The proteins are essential actors of all the processes of the alive one. For their operation, these chains of amino acids must form a well defined structure, and must thus “be folded up” correctly. The incorrect folding up of certain proteins is in the beginning various pathologies like the neurodegenerative diseases of Alzheimer and Parkinson, or the diseases implying the protein prior (insane cow, Kreutzfeld-Jacob). The knowledge of the fundamental mechanisms of the folding up and the stability of proteins, as well as kinetics of inter conversion from one state to another, thus remains a major objective in the comprehension of the molecular bases of the alive one. The spectroscopy by Nuclear Magnetic Resonance (NMR) multidimensional is the method of choice to study the structural and dynamic protein properties in solution. But the study of kinetic processes like folding up or the unfolding of proteins by this technique is limited by important times of measurement which characterize it. At the Laboratory of Magnetic Resonance Nuclear at the Institute of Structural Biology (IBS-LRMN), we succeeded in reducing times of measurement of two-dimensional spectra NMR of a few minutes to a few seconds by combining technological projections (cryogenic probes, injecting rapid) with spectroscopic developments (experiments of fast NMR). This new technique, SOFAST 2D NMR, enable us to follow the folding up or unfolding of a protein in real time with a temporal resolution of about a second simultaneously for a great number of atoms along the peptide chain.

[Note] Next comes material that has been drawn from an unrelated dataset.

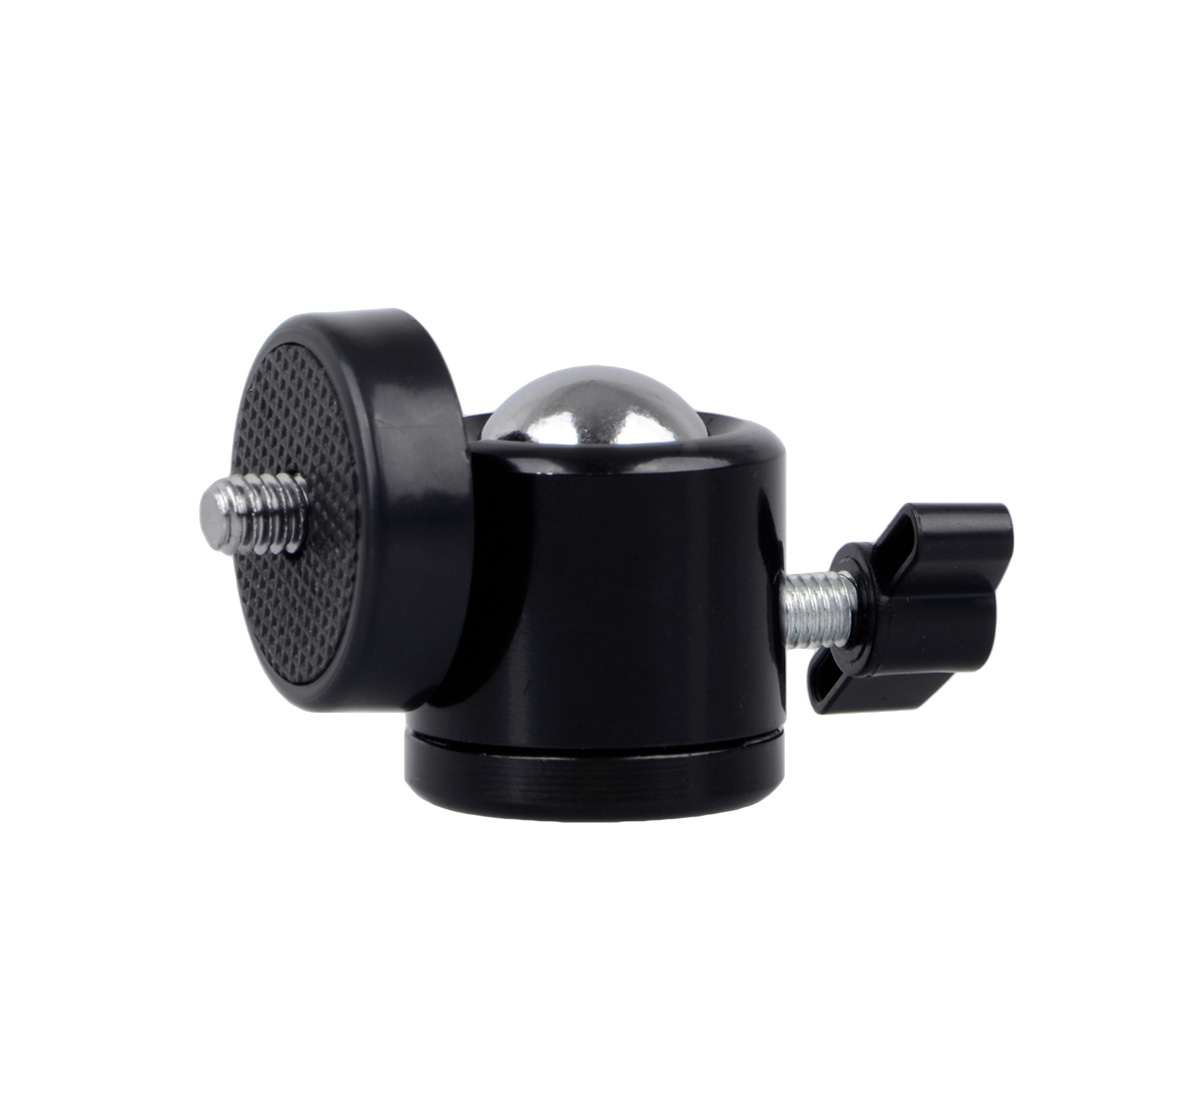 Mini Kugelkopf für Kamera-Blitzschuh TM-12

 Figure-1:SOFAST 2D NMR: A technique to follow molecular kinetics in real time 

In collaboration with the chemistry laboratory and Biology of Metals of the Institute of Research in Technologies and Sciences for the alive one, this new technique was applied to the observation in real time of the transition from the protein &-lactalbumine of a state “molten globule” towards the native state. The observation identical speeds of folding up along the peptide chain confirms that this transition is controlled by only one state from transition.

Figure 2: Kinetics of folding up of the protein a-lactalbumine measured by SOFAST 2D NMR

 In a second application, the researchers characterized the spontaneous unfolding of the protein ubiquities under native conditions. Measurement in real time of times characteristic of hydrogen exchange - deuterium for the groupings amides with high pH gives access at the speeds of local unfolding along the peptide chain. The data show that the kinetics of unfolding are not uniform through protein, and the researchers in particular observed a gradual increase speeds of unfolding through the layer.

 This new technique, SOFAST 2D NMR, are applicable to the kinetic studies of process like folding up or unfolding, certain enzymatic reactions, or of the chemical exchanges for any protein having a molecular mass lower than approximately 20 kDa. Combined with recent projections in the field of “the NMR in cell”, this approach should also make it  possible to characterize molecular kinetics directly in a cellular environment. More: Protein folding camera and unfolding studied At atomic resolution by fast two-dimensional NMR spectroscopy Paul Schanda, Vincent Forges & Bernhard Brutscher Proc. Natl. Acad. Sc the USA (2007), 104: 11257-11262

Figure 3: Measure speeds of hydrogen-deuterium exchange in the protein ubiquitine with pH 12 reflecting speeds of local unfolding through the peptide chain.